Data records:
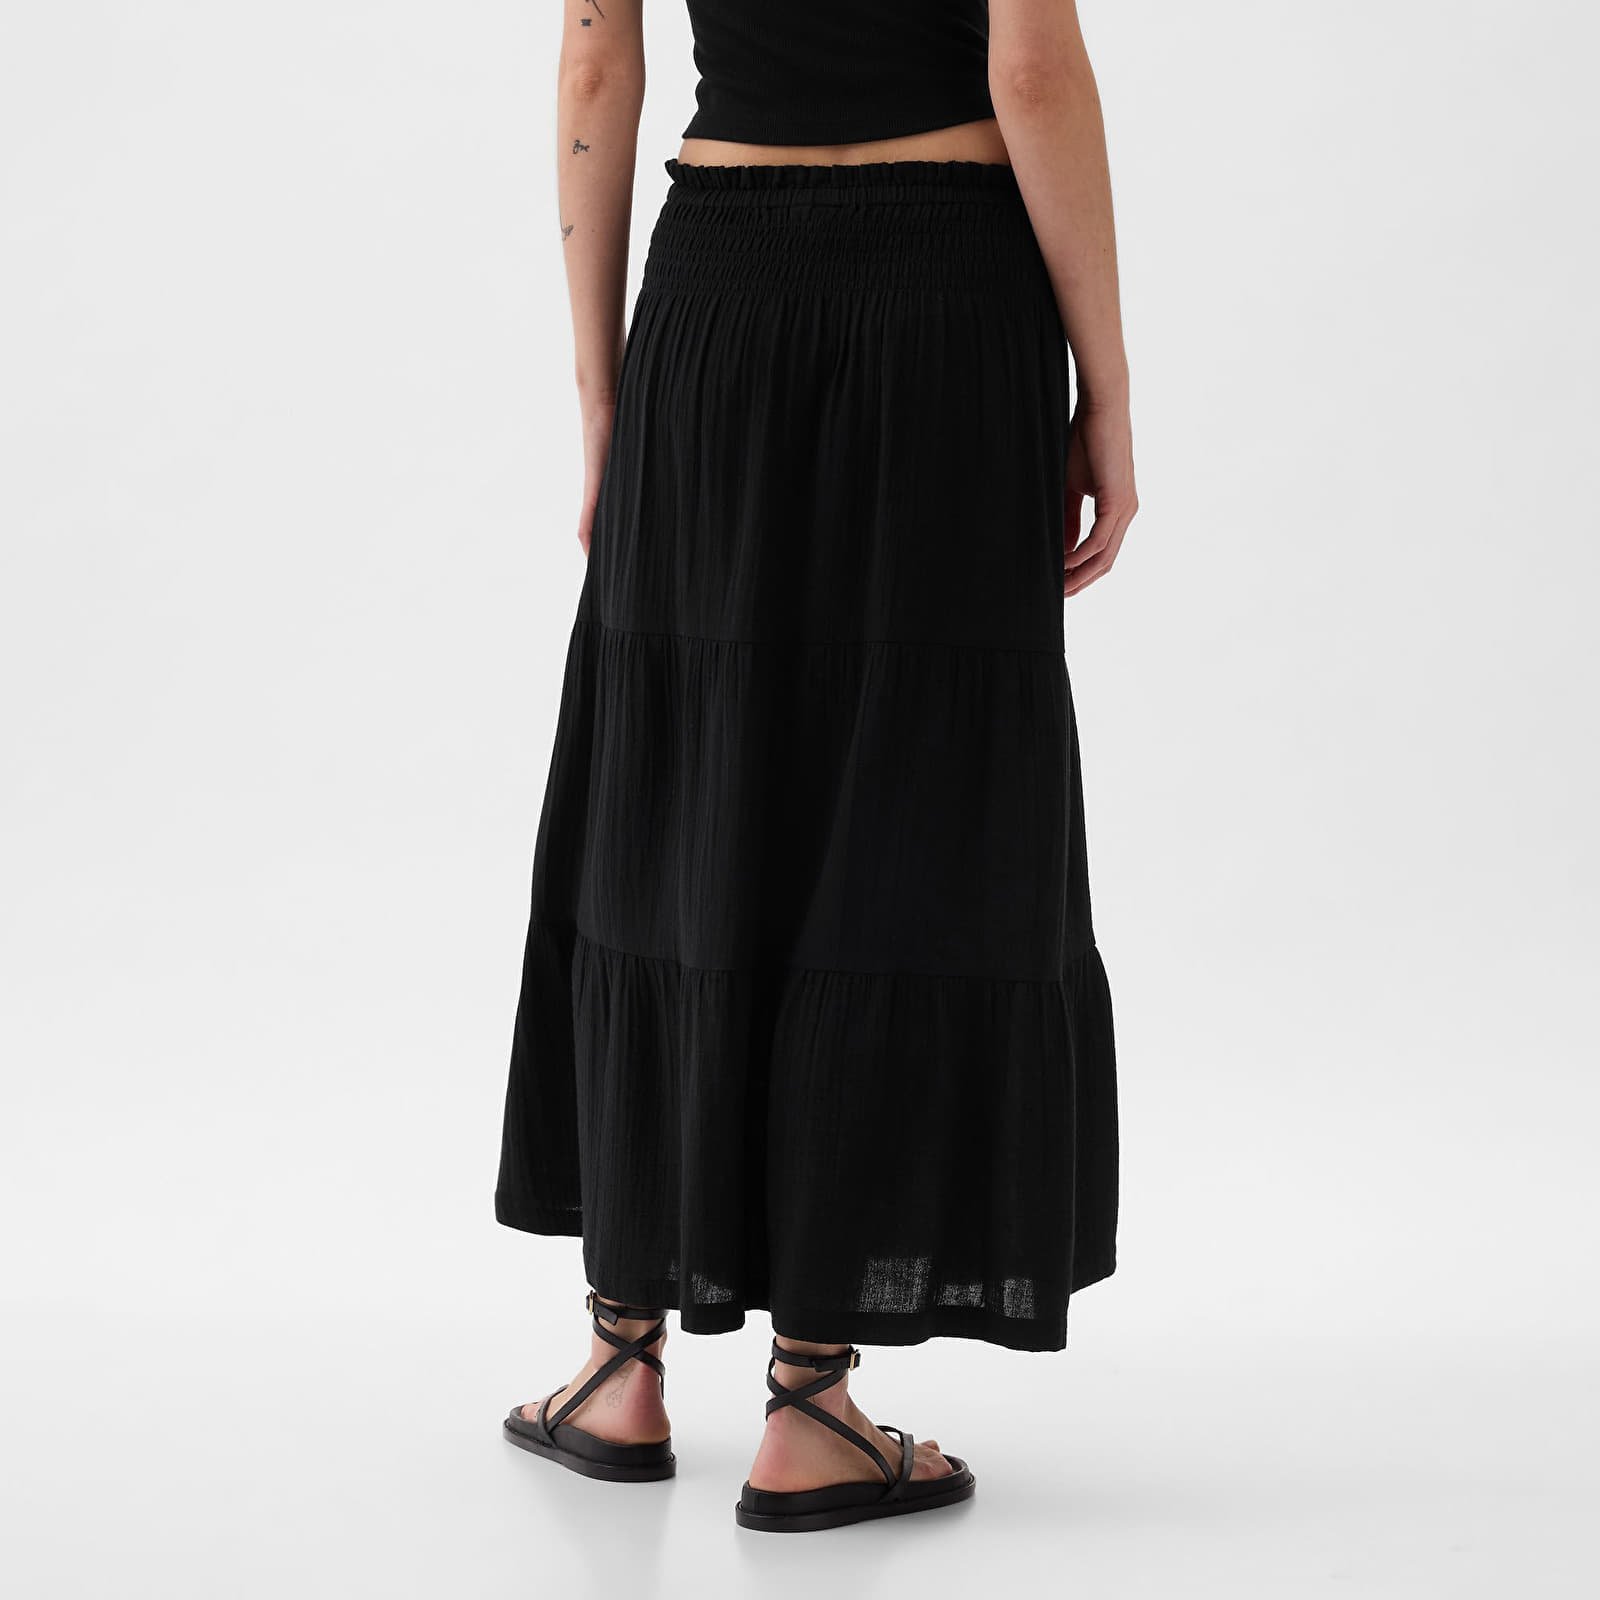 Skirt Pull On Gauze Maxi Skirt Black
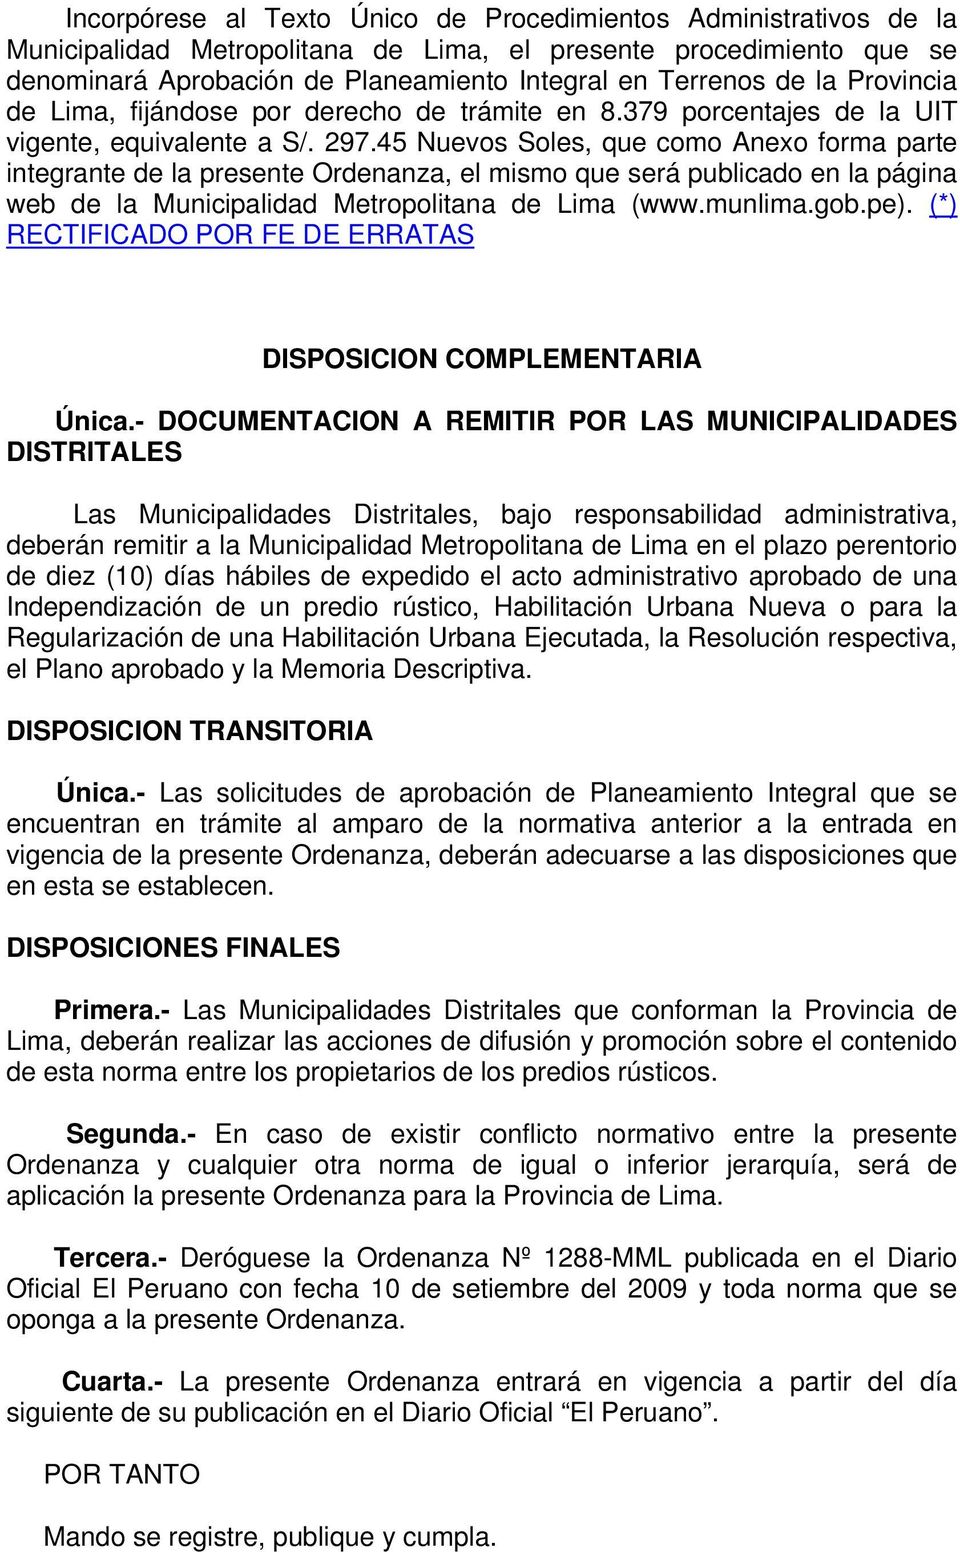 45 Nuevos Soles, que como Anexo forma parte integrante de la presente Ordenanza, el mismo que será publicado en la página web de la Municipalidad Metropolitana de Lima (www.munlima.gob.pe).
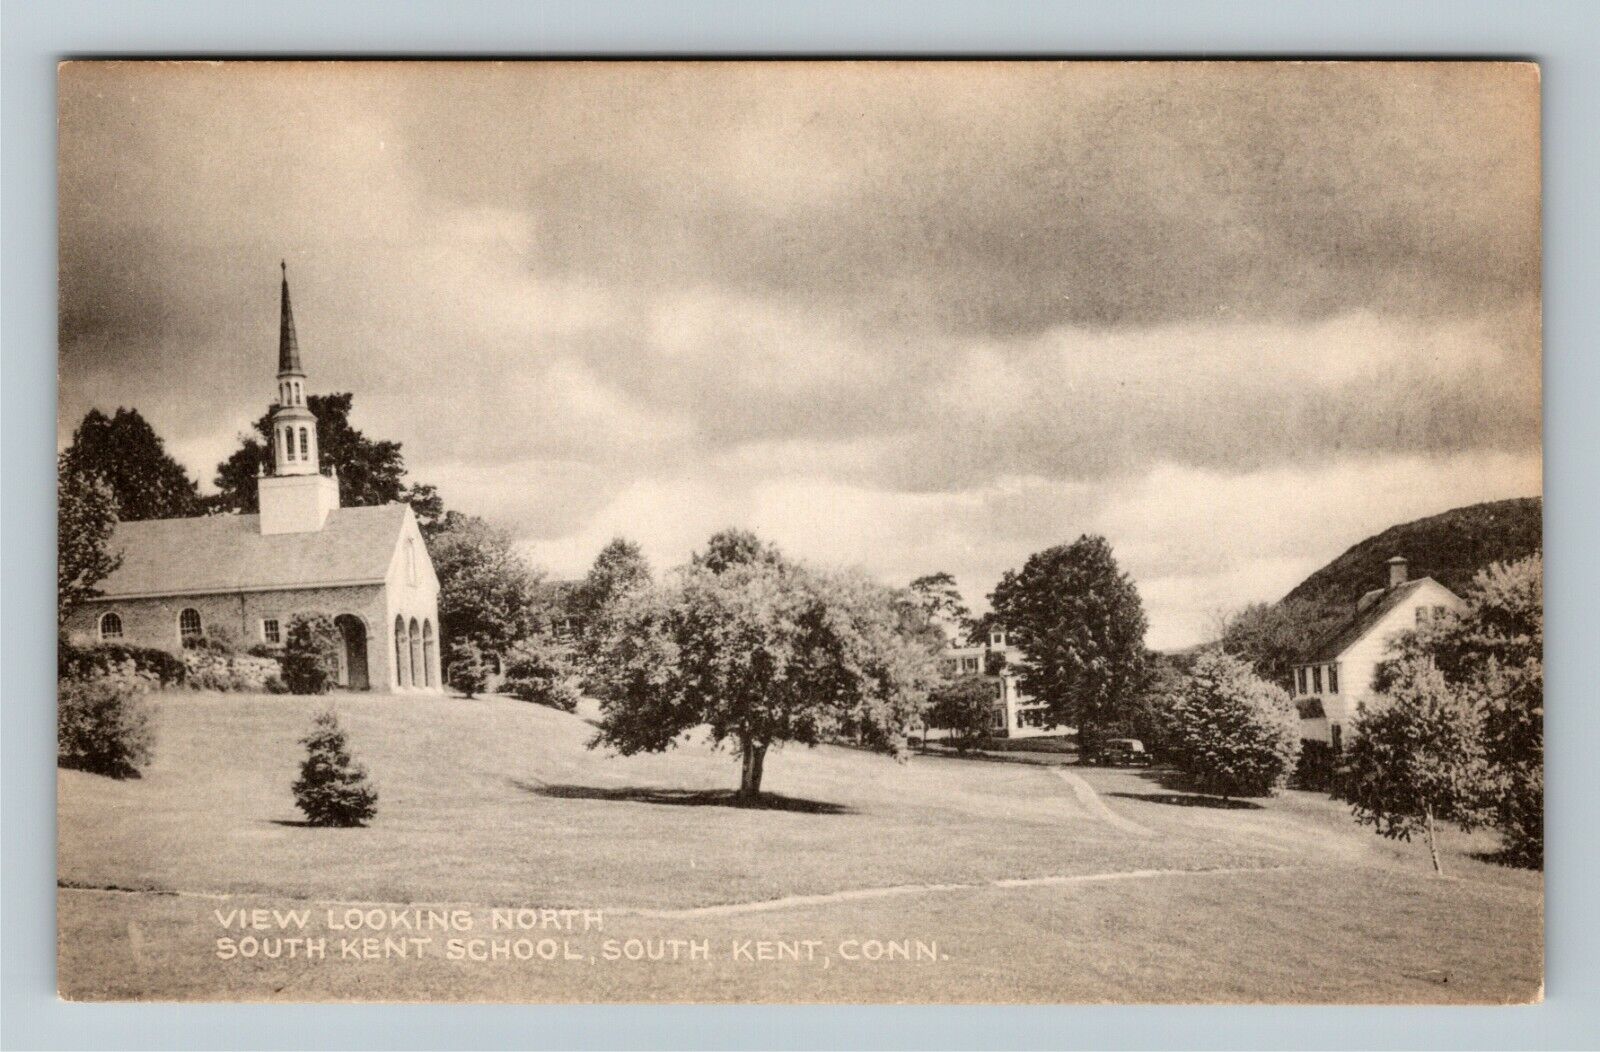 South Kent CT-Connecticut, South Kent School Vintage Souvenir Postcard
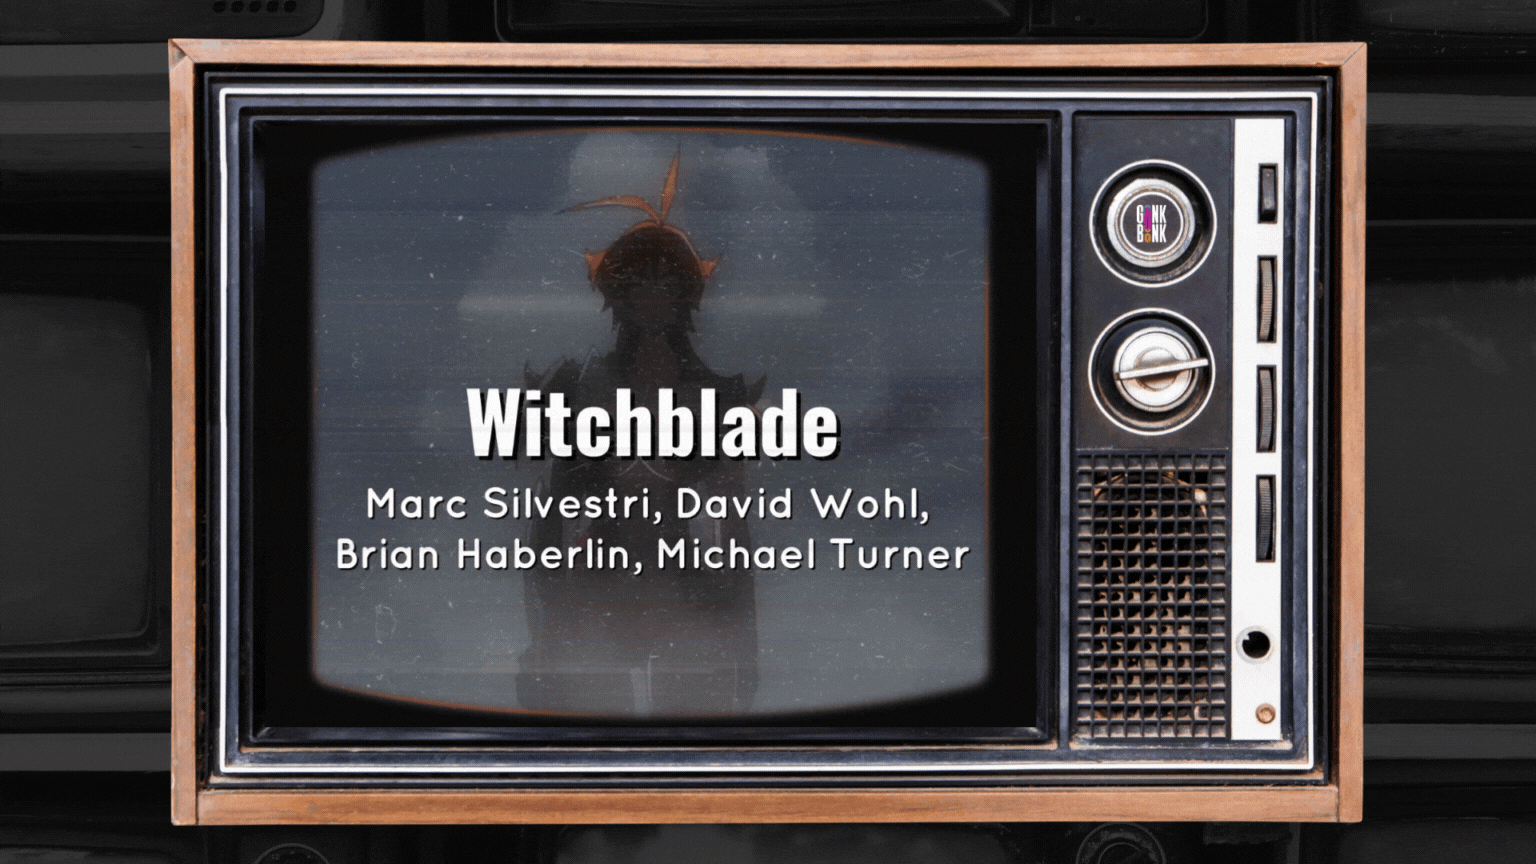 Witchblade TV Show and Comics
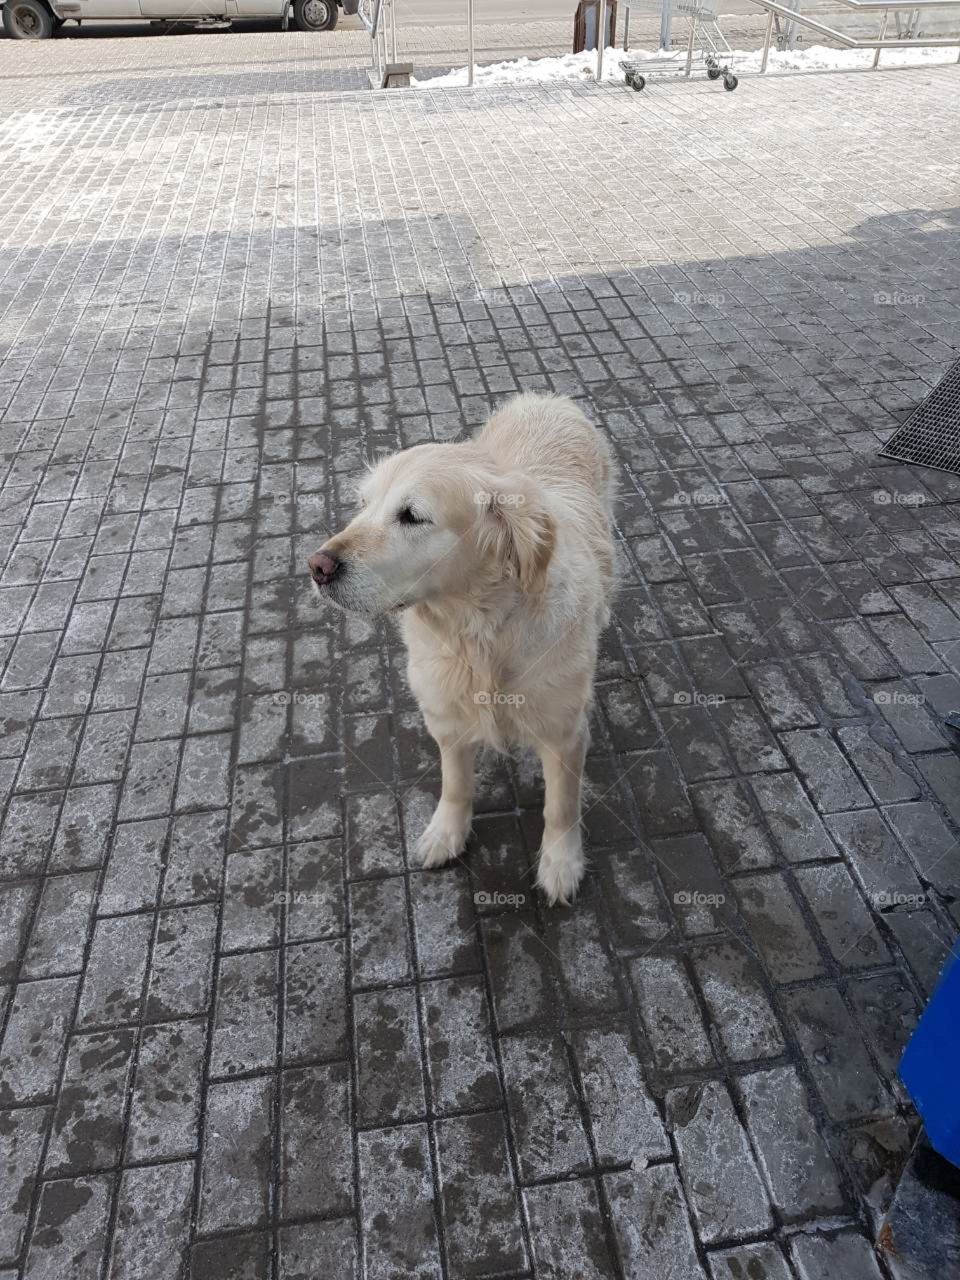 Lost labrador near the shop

Exercise requirements:
Write out the material above exactly. Skip the pictures.

Task result:
 Skirt Pull On Gauze Maxi Skirt Black
 45 Nuevos Soles, que como Anexo forma parte integrante de la presente Ordenanza, el mismo que será publicado en la página web de la Municipalidad Metropolitana de Lima (www.munlima.gob.pe).
 South Kent CT-Connecticut, South Kent School Vintage Souvenir Postcard
 Witchblade TV Show and Comics
 Lost labrador near the shop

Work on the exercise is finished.